Of the 21,755 bovine genes, 4,567 genes (21%) are alternatively spliced, compared to 16,715 (68%) in human and 16,491 (57%) in mouse. Gene-level analysis of the orthologous set suggested that bovine genes show fewer AS events compared to human and mouse genes. A detailed examination of cassette exons across human and cow for 94 human disease genes, suggested that a majority of cassette exons in human were present and constitutive in bovine as opposed to intron retention which exhibited 50% of the exons as present and 50% as absent in cow. We observed that AS plays a major role in disease implications in human through manipulations of essential/functional protein domains. It was also evident that majority of these 12 genes had conservation of all essential domains in their bovine orthologous counterpart, for these human diseases.

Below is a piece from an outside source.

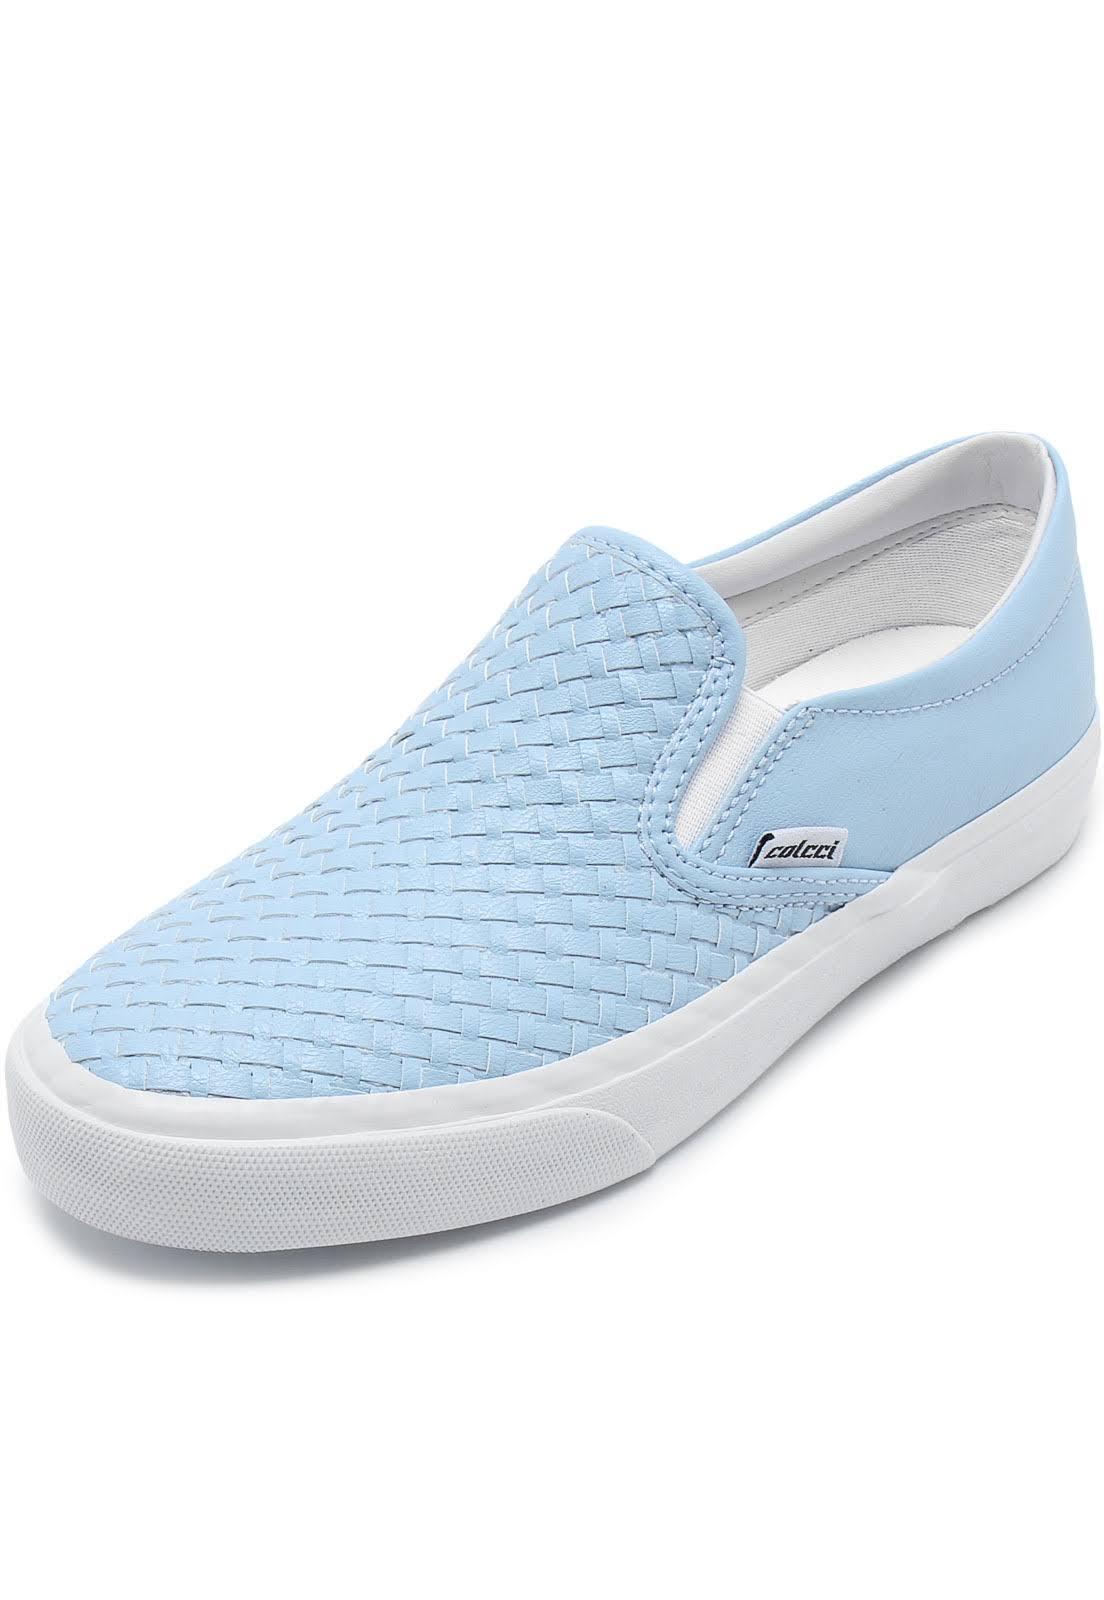 On Slip Paula Colcci Azul Colcci Slip Paula On Slip Azul On orBdCxWe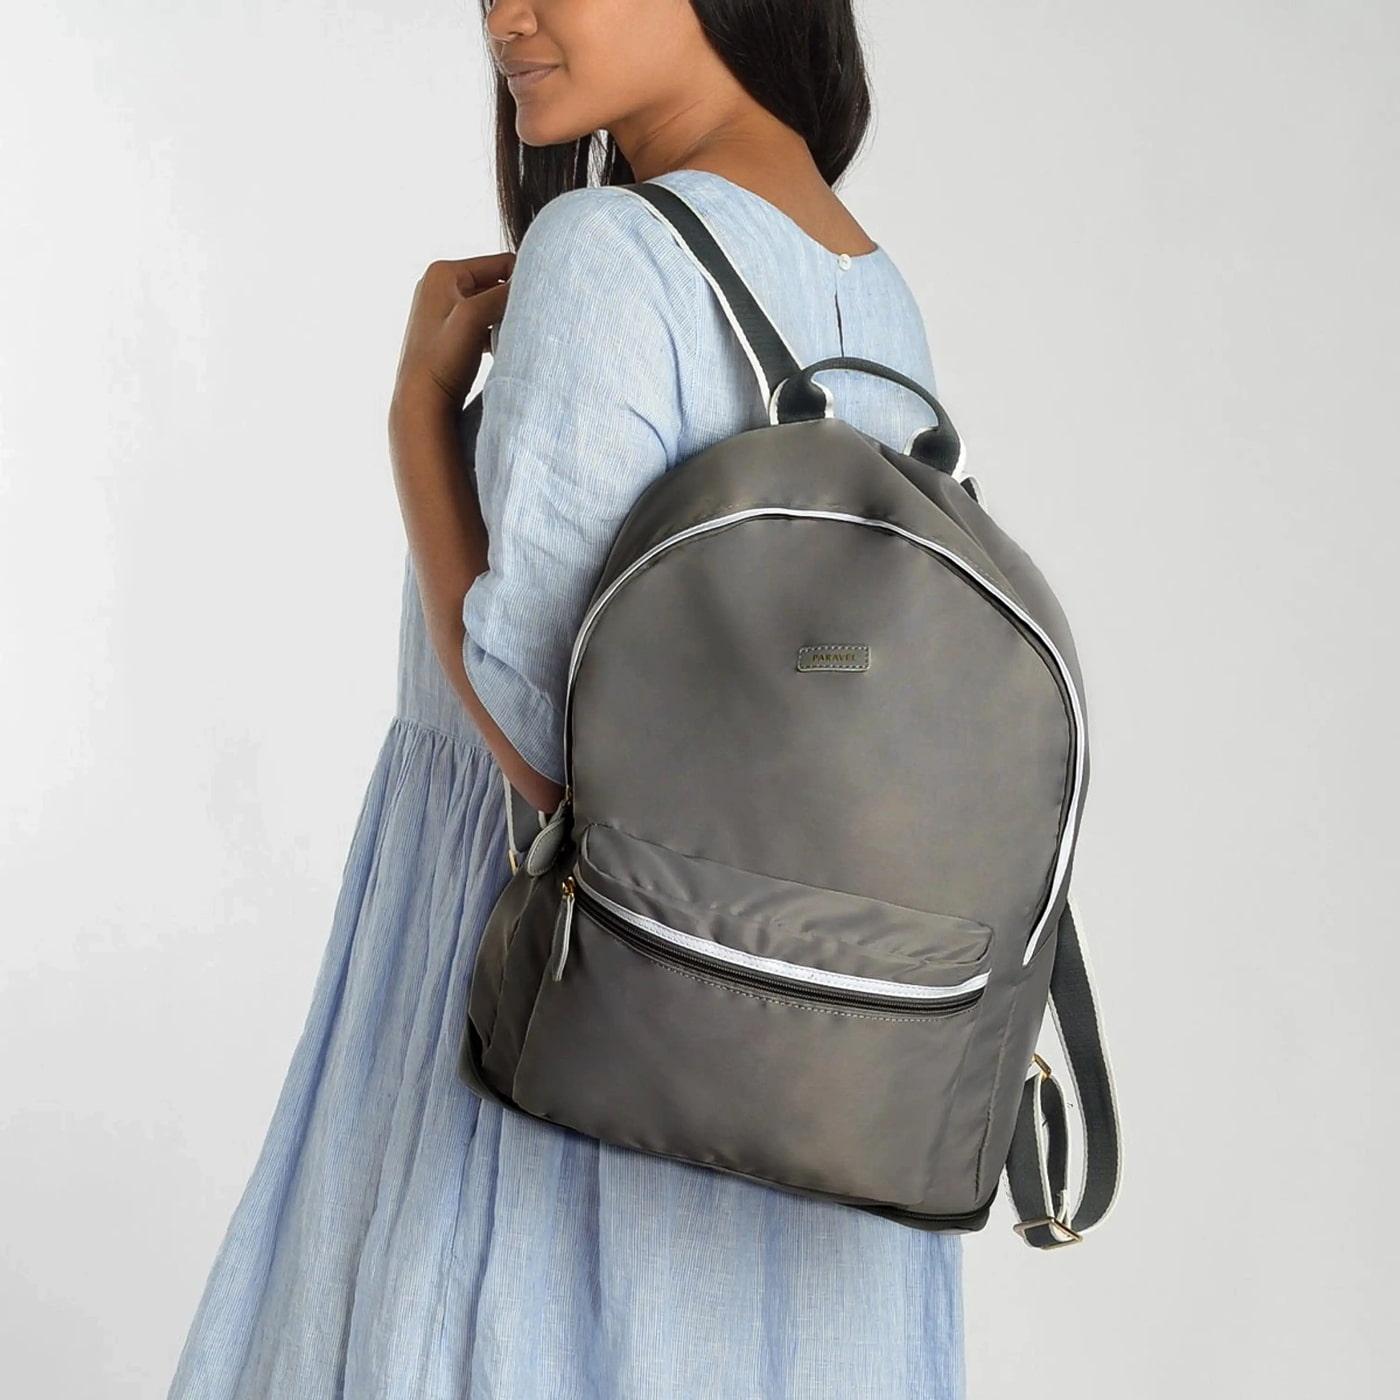 Best Lightweight Backpack for Women

While alternative splicing has the potential to create many mRNA isoforms from a single gene, in cow the majority of genes generate two to three isoforms, compared to six in human and four in mouse. Our analyses demonstrated that a smaller number of bovine genes show greater transcript diversity. GO definitions for bovine AS genes provided 38% more functional information than currently available in the sequence database. Our protein domain analysis helped us verify the suitability of using bovine as a model for human diseases and also recognize the contribution of AS towards the disease phenotypes.
Protein diversity in eukaryotic genomes is mainly credited to alternative splicing (AS). It is a fundamental mechanism by which a single pre-mRNA can produce more than one transcript. It is also considered by many to be an important mechanism for controlling gene expression . The introns in the pre-mRNA are spliced out and the exons are united in different combinations leading to a change in the primary transcript structure. This change in transcript structure can affect the encoded protein thereby disrupting its structure and also its function. The disruption in the protein structure and function brought about by AS are frequently associated with diseases . Results from previous studies indicate that more than 60% of human genes are alternatively spliced [3–9].
Association of AS with many diseases such as cardiovascular, cancer and neurodegenerative disorders sheds light on the fact that it is crucial to conduct an in-depth study on AS . Analyses have also shown that 15% of point mutations that cause genetic disease affect pre-mRNA splicing , providing a link between AS events and inherited genetic diseases.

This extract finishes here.